- What needs to be done:
Hand back every line from the beginning of the data below through the line containing "Sorry Lebron, you’re", word for word and free of pictures.

- Study material:
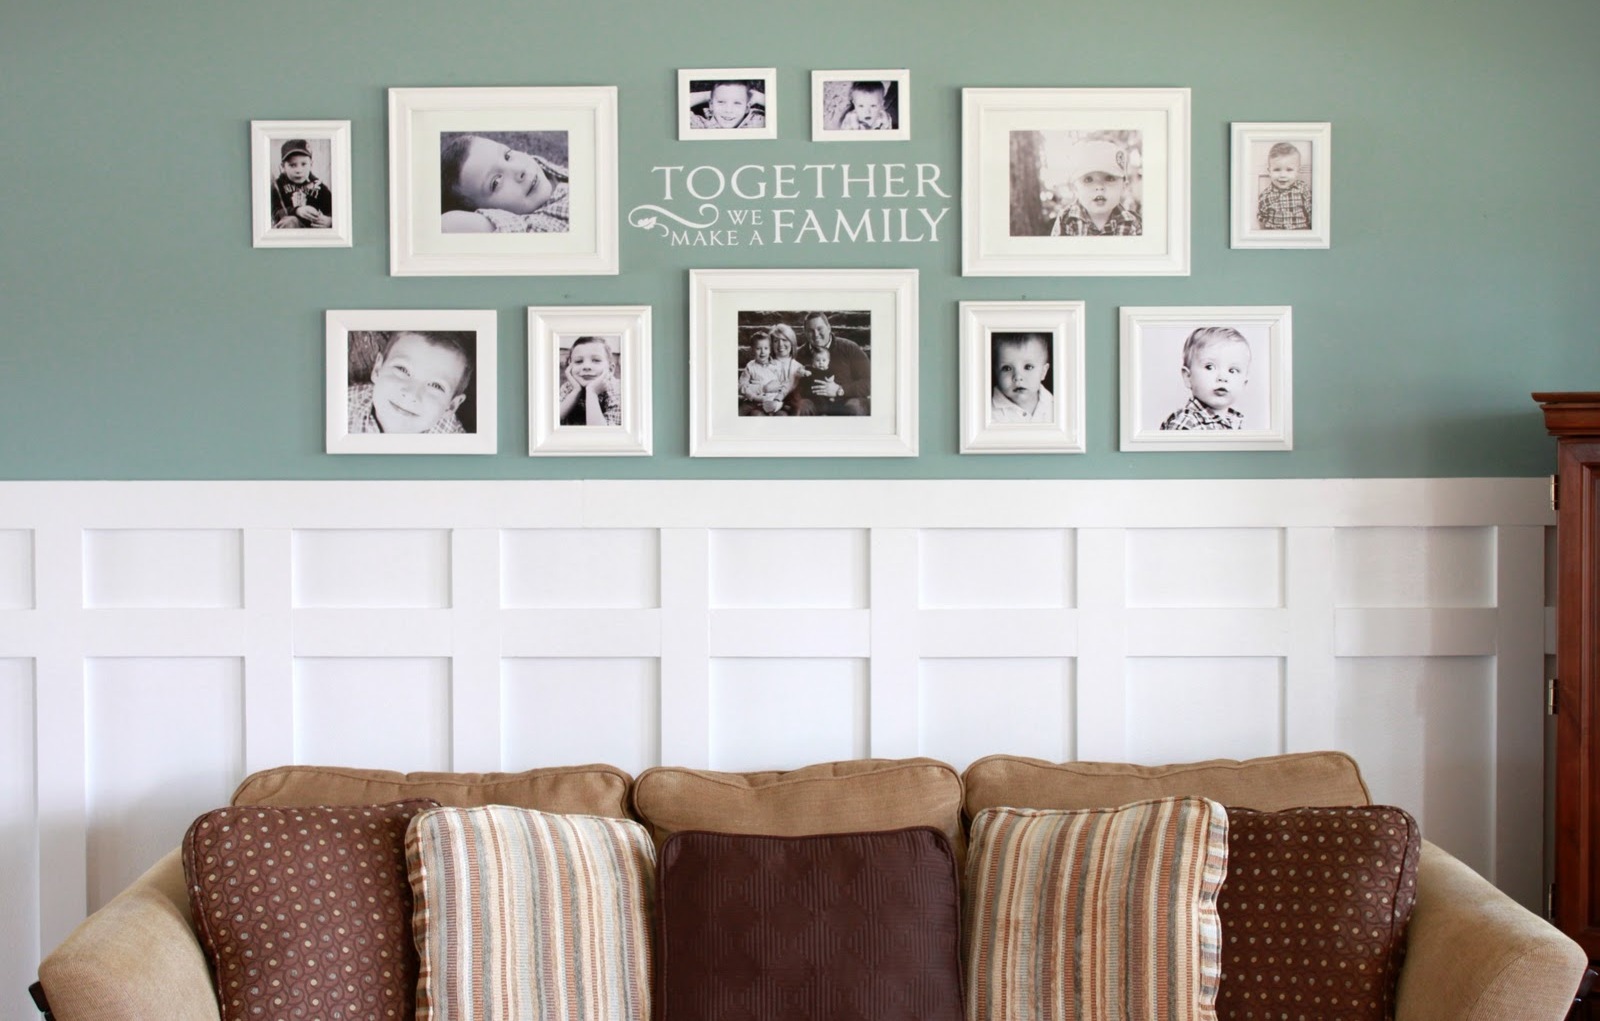 Photo Wall Mixed Framed Photo Wall Decorating Ideas Mixed With Letter Pattern Over Marshmallow Molding Wainscoting Lovely And Inspiring Wall Decorating Ideas For Your Room
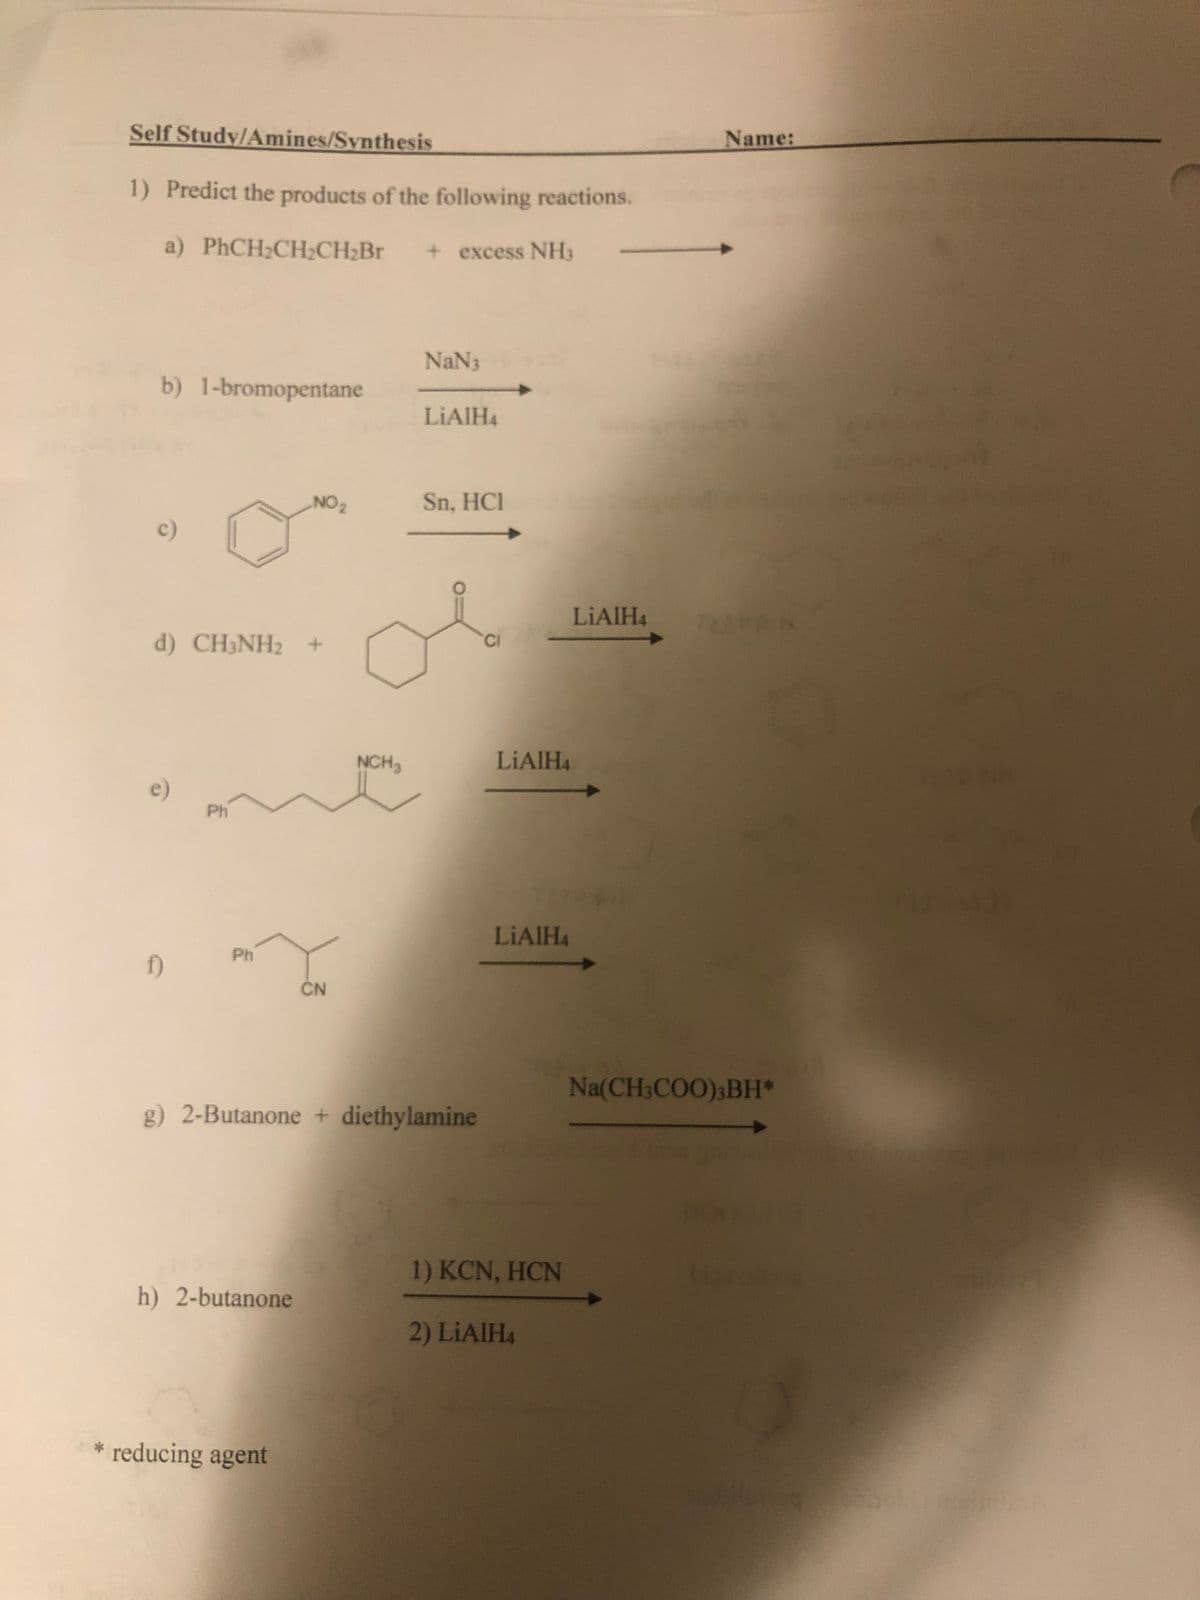 Self Study/Anmines/Synthesis
Name:
1) Predict the products of the following reactions.
a) PHCH2CH2CH2BR
+excess NH3
NaN3
b) 1-bromopentane
LIAIH4
NO 2
Sn, HCI
LIAIH4
d) CH3NH2 +
CI
NCH3
LIAIH4
Ph
LIAIH4
Ph
f)
CN
Na(CH3COO);BH*
g) 2-Butanone + diethylamine
1) KCN, HCN
h) 2-butanone
2) LIAIH4
reducing agent
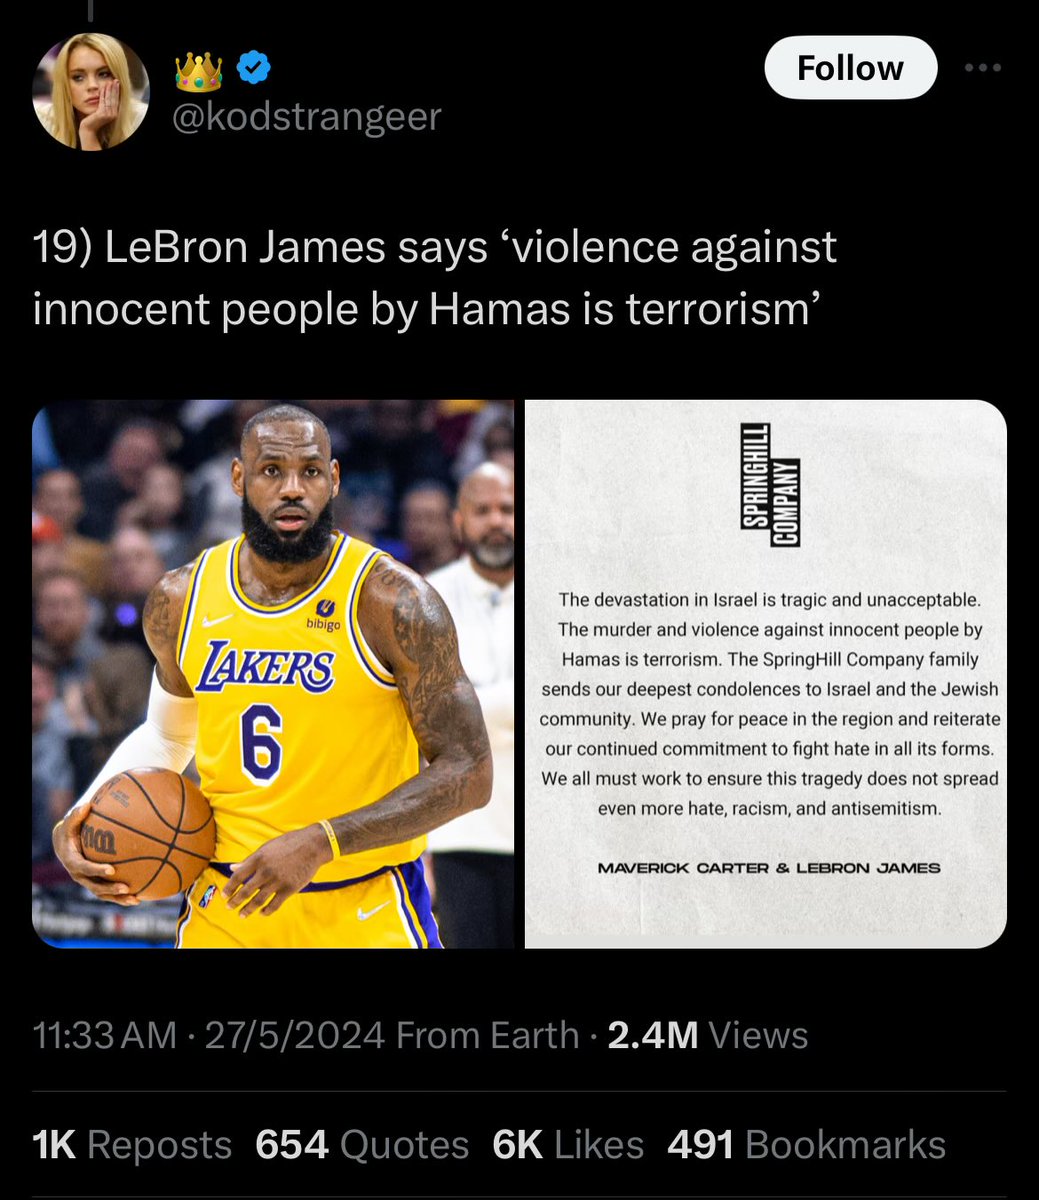 Sorry Lebron, you’re a great basketball player but I’m gonna have to unfollow you for this “violence against innocent people is bad” take that nobody asked for. Read the room, Lebron! Do better!
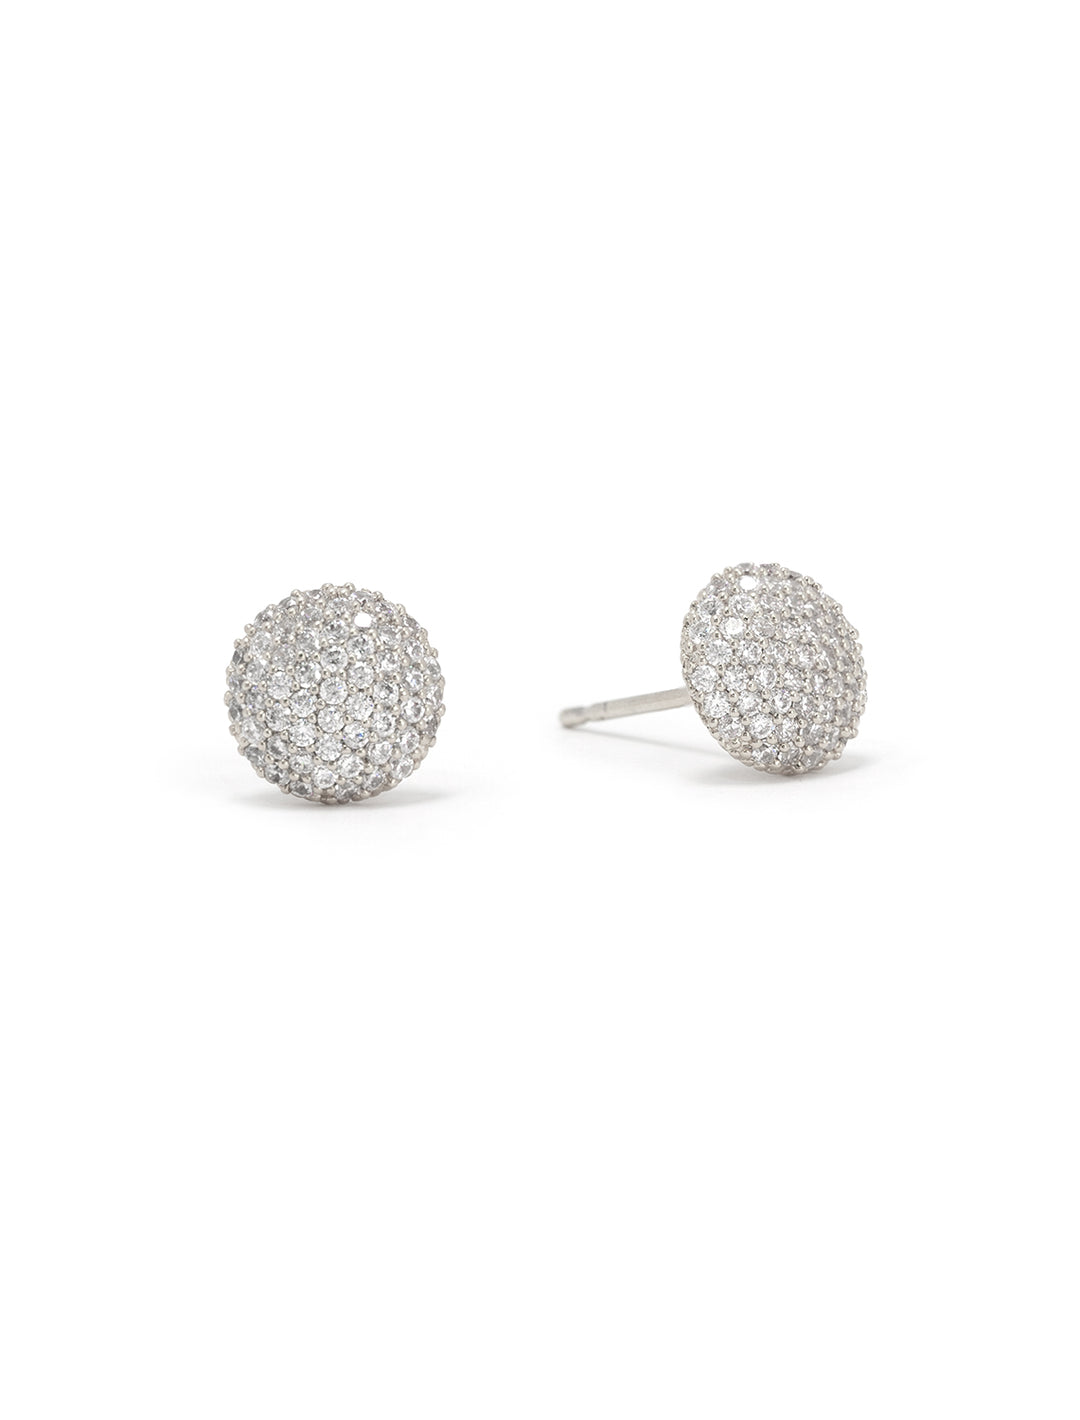 Front view of Tai's cz button stud earrings in silver.
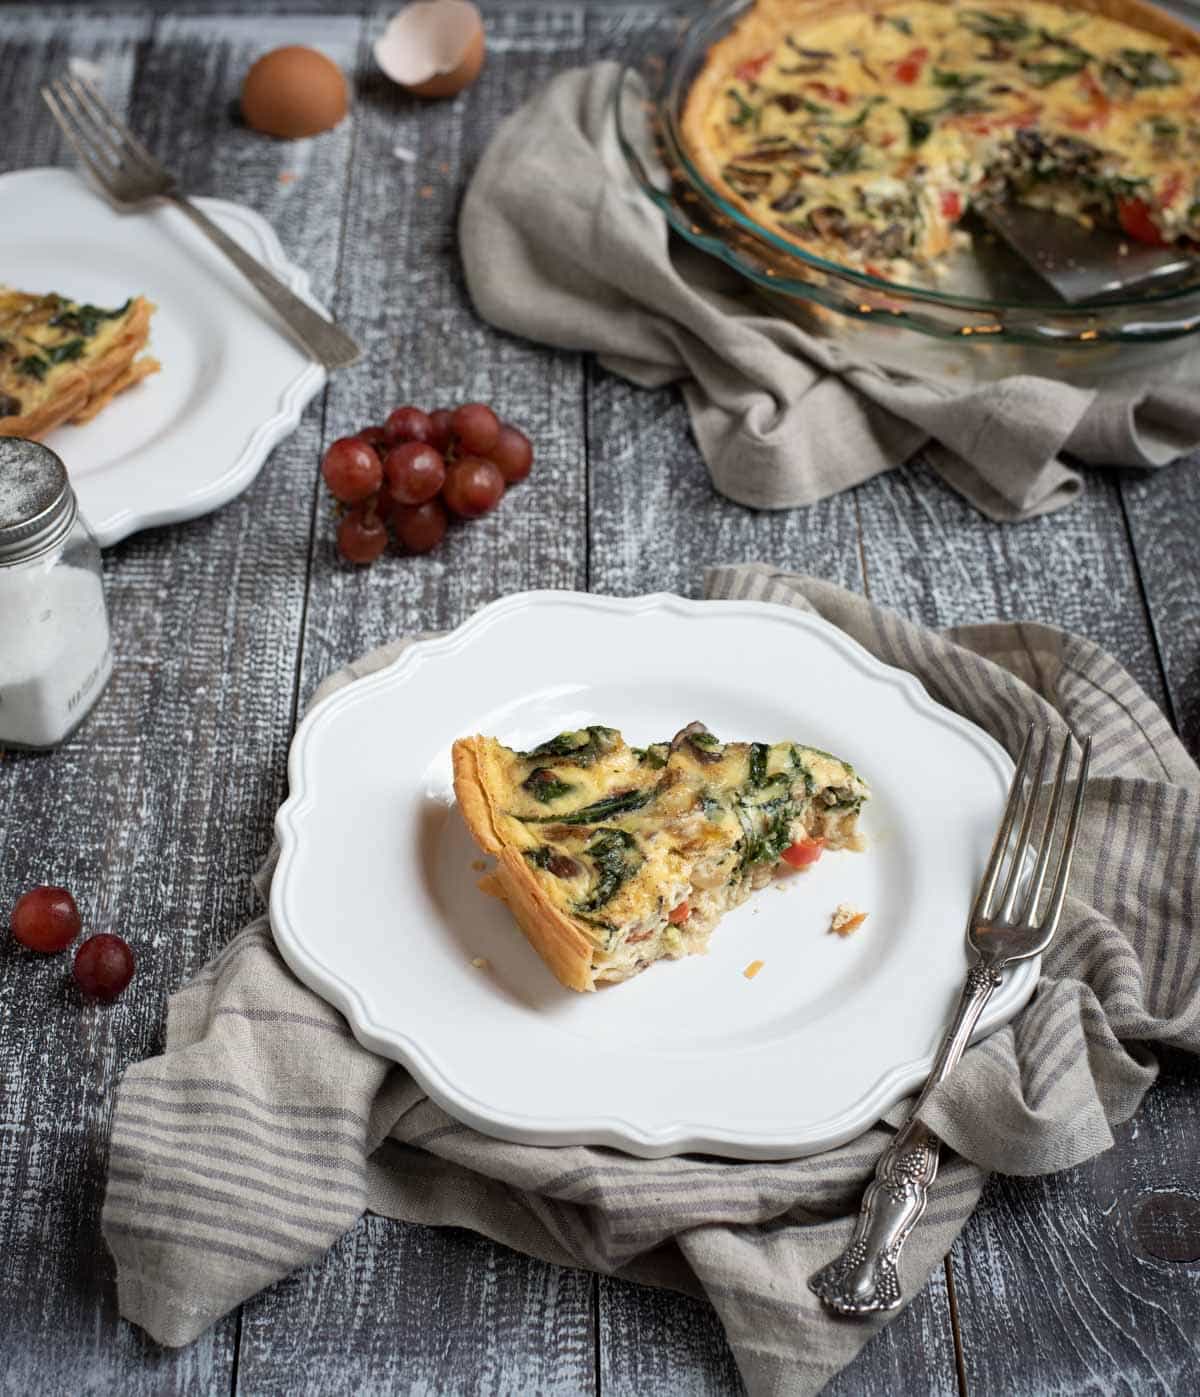 Plate with vegetable quiche slice

- Solved exercise:
 Photo Wall Mixed Framed Photo Wall Decorating Ideas Mixed With Letter Pattern Over Marshmallow Molding Wainscoting Lovely And Inspiring Wall Decorating Ideas For Your Room
 Self Study/Anmines/Synthesis
Name:
1) Predict the products of the following reactions.
a) PHCH2CH2CH2BR
+excess NH3
NaN3
b) 1-bromopentane
LIAIH4
NO 2
Sn, HCI
LIAIH4
d) CH3NH2 +
CI
NCH3
LIAIH4
Ph
LIAIH4
Ph
f)
CN
Na(CH3COO);BH*
g) 2-Butanone + diethylamine
1) KCN, HCN
h) 2-butanone
2) LIAIH4
reducing agent
 Sorry Lebron, you’re a great basketball player but I’m gonna have to unfollow you for this “violence against innocent people is bad” take that nobody asked for. Read the room, Lebron! Do better!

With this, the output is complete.